(Dataset items)
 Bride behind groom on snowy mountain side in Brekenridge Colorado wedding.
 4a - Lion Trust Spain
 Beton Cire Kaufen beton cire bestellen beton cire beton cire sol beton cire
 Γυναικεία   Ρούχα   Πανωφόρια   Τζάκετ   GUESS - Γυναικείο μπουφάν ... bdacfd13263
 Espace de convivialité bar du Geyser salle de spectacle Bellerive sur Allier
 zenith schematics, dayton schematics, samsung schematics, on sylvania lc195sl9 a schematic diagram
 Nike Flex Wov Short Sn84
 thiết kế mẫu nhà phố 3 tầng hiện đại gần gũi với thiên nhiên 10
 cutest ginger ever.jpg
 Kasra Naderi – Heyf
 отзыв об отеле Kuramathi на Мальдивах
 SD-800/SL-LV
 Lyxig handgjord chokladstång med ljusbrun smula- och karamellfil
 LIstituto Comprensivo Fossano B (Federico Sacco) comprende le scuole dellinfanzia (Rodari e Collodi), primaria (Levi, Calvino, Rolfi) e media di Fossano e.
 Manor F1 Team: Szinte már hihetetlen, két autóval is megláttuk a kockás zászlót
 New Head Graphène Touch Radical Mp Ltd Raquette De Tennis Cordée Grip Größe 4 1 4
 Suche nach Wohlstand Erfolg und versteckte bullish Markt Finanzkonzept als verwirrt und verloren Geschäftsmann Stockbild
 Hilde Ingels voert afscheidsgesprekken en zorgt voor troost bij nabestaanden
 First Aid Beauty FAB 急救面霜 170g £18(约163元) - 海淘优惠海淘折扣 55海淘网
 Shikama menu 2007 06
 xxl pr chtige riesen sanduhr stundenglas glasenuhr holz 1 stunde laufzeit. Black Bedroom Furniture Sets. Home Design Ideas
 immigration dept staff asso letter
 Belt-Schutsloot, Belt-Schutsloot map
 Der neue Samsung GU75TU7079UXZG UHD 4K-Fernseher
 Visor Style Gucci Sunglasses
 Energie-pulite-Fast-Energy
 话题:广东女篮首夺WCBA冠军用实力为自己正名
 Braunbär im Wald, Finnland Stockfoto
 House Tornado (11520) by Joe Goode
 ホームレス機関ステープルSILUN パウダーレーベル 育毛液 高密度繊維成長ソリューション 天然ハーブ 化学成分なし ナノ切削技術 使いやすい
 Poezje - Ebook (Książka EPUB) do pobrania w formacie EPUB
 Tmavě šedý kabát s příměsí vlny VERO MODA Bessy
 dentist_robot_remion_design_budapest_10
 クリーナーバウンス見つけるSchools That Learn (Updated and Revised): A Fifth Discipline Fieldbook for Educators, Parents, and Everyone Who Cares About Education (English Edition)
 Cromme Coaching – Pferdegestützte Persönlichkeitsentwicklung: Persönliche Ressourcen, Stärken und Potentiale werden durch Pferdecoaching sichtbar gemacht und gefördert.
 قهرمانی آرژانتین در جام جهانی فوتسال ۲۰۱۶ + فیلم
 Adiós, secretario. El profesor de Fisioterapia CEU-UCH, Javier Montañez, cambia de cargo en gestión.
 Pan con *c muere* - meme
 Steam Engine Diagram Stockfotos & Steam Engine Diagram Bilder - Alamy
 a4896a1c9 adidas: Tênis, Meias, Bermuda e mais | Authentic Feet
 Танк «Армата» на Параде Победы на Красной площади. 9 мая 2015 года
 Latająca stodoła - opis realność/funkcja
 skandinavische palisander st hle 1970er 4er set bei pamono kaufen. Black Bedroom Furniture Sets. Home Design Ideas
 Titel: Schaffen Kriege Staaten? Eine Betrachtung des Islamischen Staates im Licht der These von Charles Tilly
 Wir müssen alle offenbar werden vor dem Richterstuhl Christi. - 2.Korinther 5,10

### WHAT YOU SHOULD DO
Print each line of the data exactly as it was written.

### TASK SOLUTION
 Bride behind groom on snowy mountain side in Brekenridge Colorado wedding.
 4a - Lion Trust Spain
 Beton Cire Kaufen beton cire bestellen beton cire beton cire sol beton cire
 Γυναικεία   Ρούχα   Πανωφόρια   Τζάκετ   GUESS - Γυναικείο μπουφάν ... bdacfd13263
 Espace de convivialité bar du Geyser salle de spectacle Bellerive sur Allier
 zenith schematics, dayton schematics, samsung schematics, on sylvania lc195sl9 a schematic diagram
 Nike Flex Wov Short Sn84
 thiết kế mẫu nhà phố 3 tầng hiện đại gần gũi với thiên nhiên 10
 cutest ginger ever.jpg
 Kasra Naderi – Heyf
 отзыв об отеле Kuramathi на Мальдивах
 SD-800/SL-LV
 Lyxig handgjord chokladstång med ljusbrun smula- och karamellfil
 LIstituto Comprensivo Fossano B (Federico Sacco) comprende le scuole dellinfanzia (Rodari e Collodi), primaria (Levi, Calvino, Rolfi) e media di Fossano e.
 Manor F1 Team: Szinte már hihetetlen, két autóval is megláttuk a kockás zászlót
 New Head Graphène Touch Radical Mp Ltd Raquette De Tennis Cordée Grip Größe 4 1 4
 Suche nach Wohlstand Erfolg und versteckte bullish Markt Finanzkonzept als verwirrt und verloren Geschäftsmann Stockbild
 Hilde Ingels voert afscheidsgesprekken en zorgt voor troost bij nabestaanden
 First Aid Beauty FAB 急救面霜 170g £18(约163元) - 海淘优惠海淘折扣 55海淘网
 Shikama menu 2007 06
 xxl pr chtige riesen sanduhr stundenglas glasenuhr holz 1 stunde laufzeit. Black Bedroom Furniture Sets. Home Design Ideas
 immigration dept staff asso letter
 Belt-Schutsloot, Belt-Schutsloot map
 Der neue Samsung GU75TU7079UXZG UHD 4K-Fernseher
 Visor Style Gucci Sunglasses
 Energie-pulite-Fast-Energy
 话题:广东女篮首夺WCBA冠军用实力为自己正名
 Braunbär im Wald, Finnland Stockfoto
 House Tornado (11520) by Joe Goode
 ホームレス機関ステープルSILUN パウダーレーベル 育毛液 高密度繊維成長ソリューション 天然ハーブ 化学成分なし ナノ切削技術 使いやすい
 Poezje - Ebook (Książka EPUB) do pobrania w formacie EPUB
 Tmavě šedý kabát s příměsí vlny VERO MODA Bessy
 dentist_robot_remion_design_budapest_10
 クリーナーバウンス見つけるSchools That Learn (Updated and Revised): A Fifth Discipline Fieldbook for Educators, Parents, and Everyone Who Cares About Education (English Edition)
 Cromme Coaching – Pferdegestützte Persönlichkeitsentwicklung: Persönliche Ressourcen, Stärken und Potentiale werden durch Pferdecoaching sichtbar gemacht und gefördert.
 قهرمانی آرژانتین در جام جهانی فوتسال ۲۰۱۶ + فیلم
 Adiós, secretario. El profesor de Fisioterapia CEU-UCH, Javier Montañez, cambia de cargo en gestión.
 Pan con *c muere* - meme
 Steam Engine Diagram Stockfotos & Steam Engine Diagram Bilder - Alamy
 a4896a1c9 adidas: Tênis, Meias, Bermuda e mais | Authentic Feet
 Танк «Армата» на Параде Победы на Красной площади. 9 мая 2015 года
 Latająca stodoła - opis realność/funkcja
 skandinavische palisander st hle 1970er 4er set bei pamono kaufen. Black Bedroom Furniture Sets. Home Design Ideas
 Titel: Schaffen Kriege Staaten? Eine Betrachtung des Islamischen Staates im Licht der These von Charles Tilly
 Wir müssen alle offenbar werden vor dem Richterstuhl Christi. - 2.Korinther 5,10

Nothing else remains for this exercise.